───── EXERCISE DATA

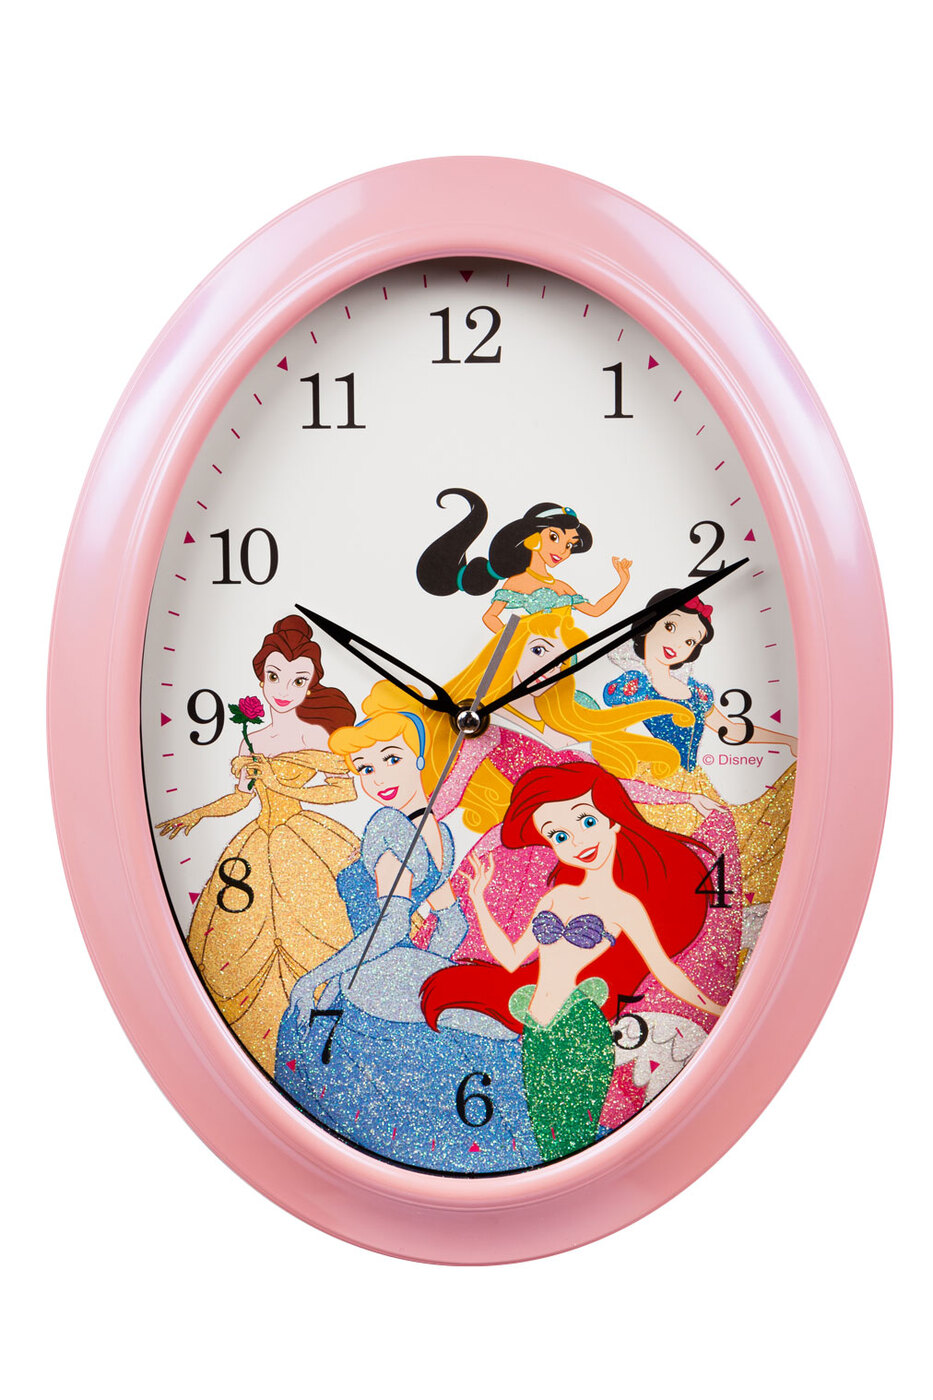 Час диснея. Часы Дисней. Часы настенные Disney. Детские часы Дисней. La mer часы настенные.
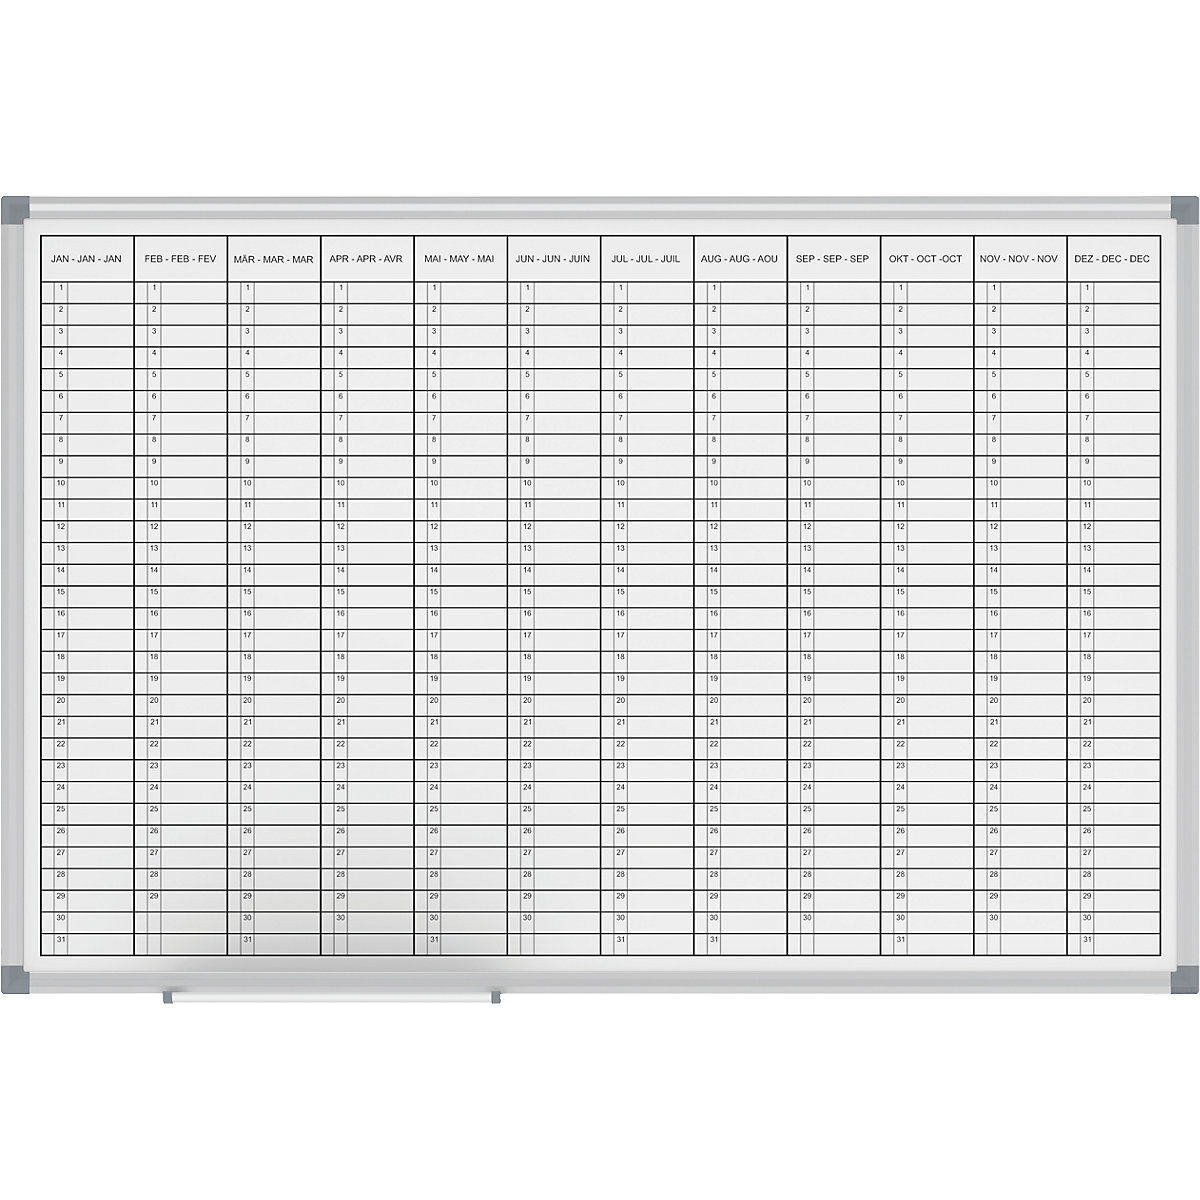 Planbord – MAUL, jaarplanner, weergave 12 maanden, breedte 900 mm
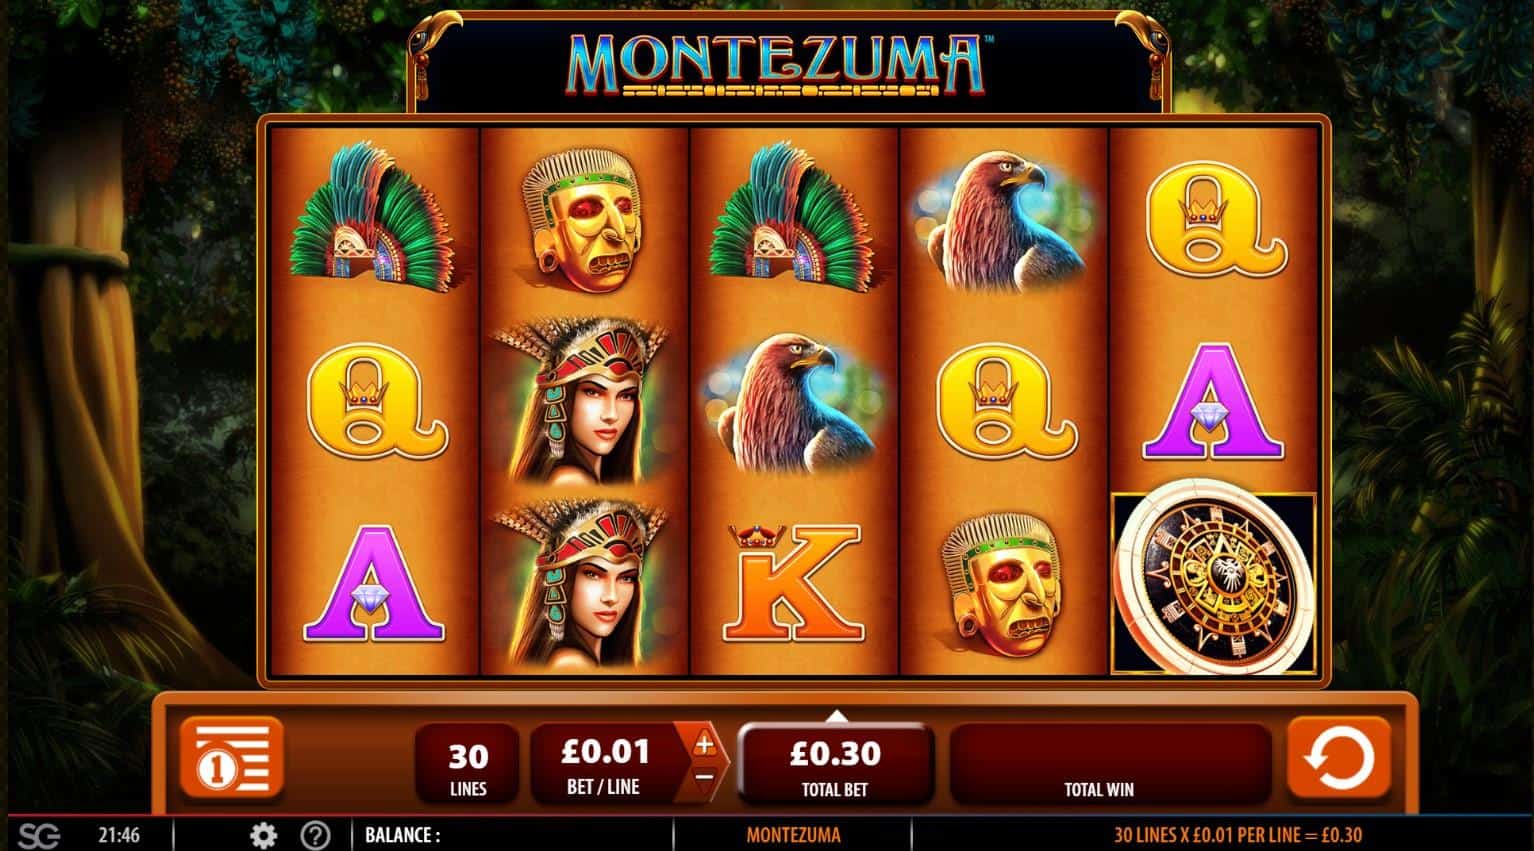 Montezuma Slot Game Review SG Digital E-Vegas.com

──────────

WHAT THE EXERCISE ASKS: Word-for-word repeat, images excluded: return all the data.

ANSWER TO THE PROBLEM:
 Час диснея. Часы Дисней. Часы настенные Disney. Детские часы Дисней. La mer часы настенные.
 Planbord – MAUL, jaarplanner, weergave 12 maanden, breedte 900 mm
 Montezuma Slot Game Review SG Digital E-Vegas.com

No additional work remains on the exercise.